Top of Data to examine

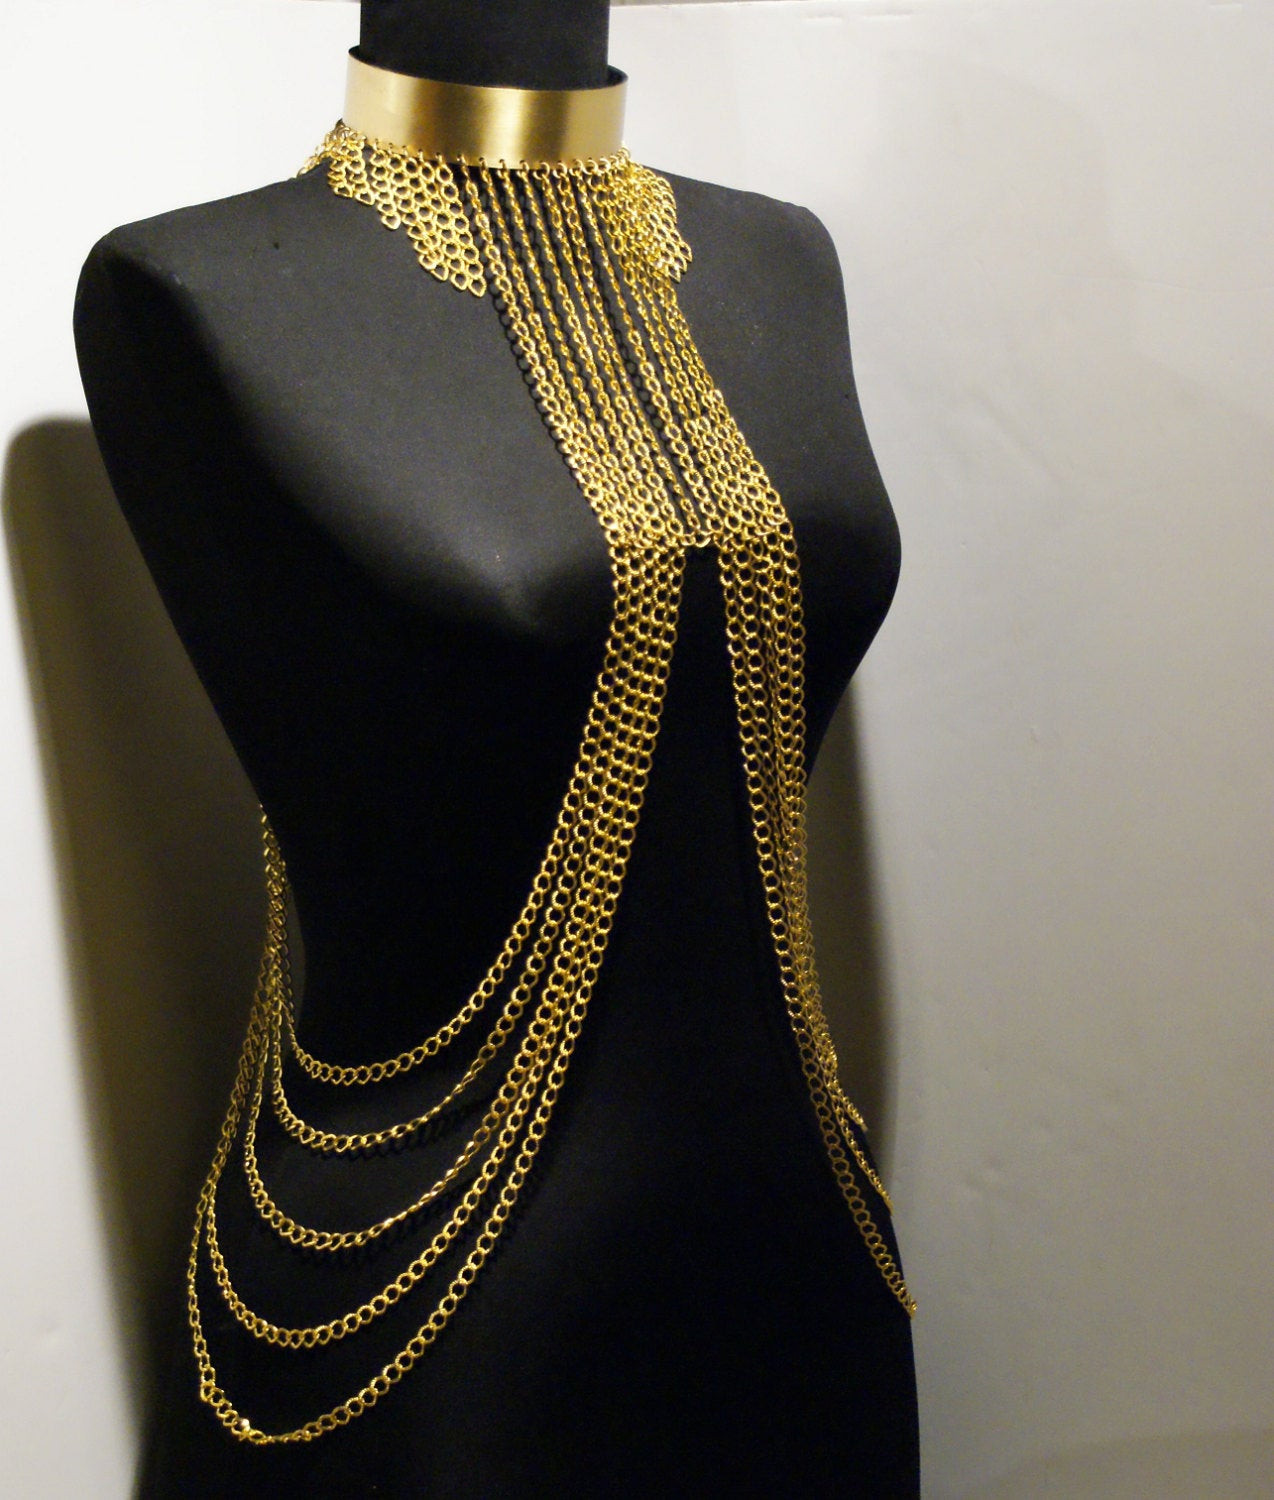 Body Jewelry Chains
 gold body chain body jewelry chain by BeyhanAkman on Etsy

Bottom of Data to examine
Top of Data to examine

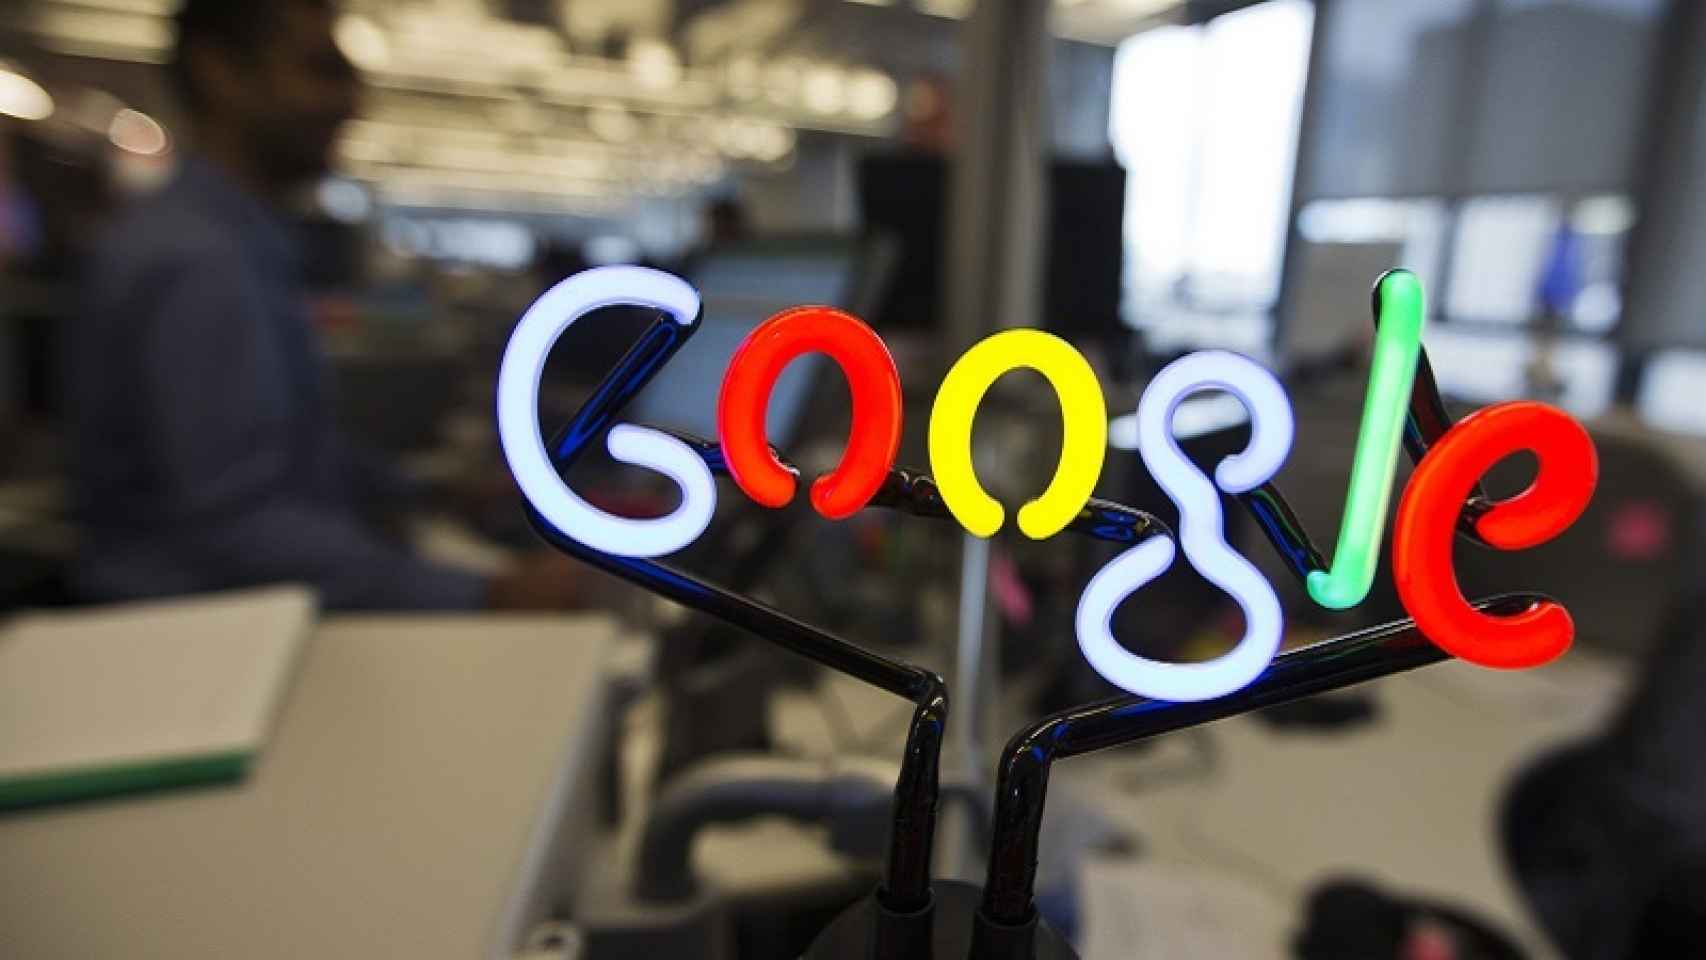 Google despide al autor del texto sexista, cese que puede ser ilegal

Bottom of Data to examine

Leaving every picture aside, reproduce exactly the lines above from the one with "Body Jewelry Chains" up to and including the one with "gold body chain", and no others.

 Body Jewelry Chains
 gold body chain body jewelry chain by BeyhanAkman on Etsy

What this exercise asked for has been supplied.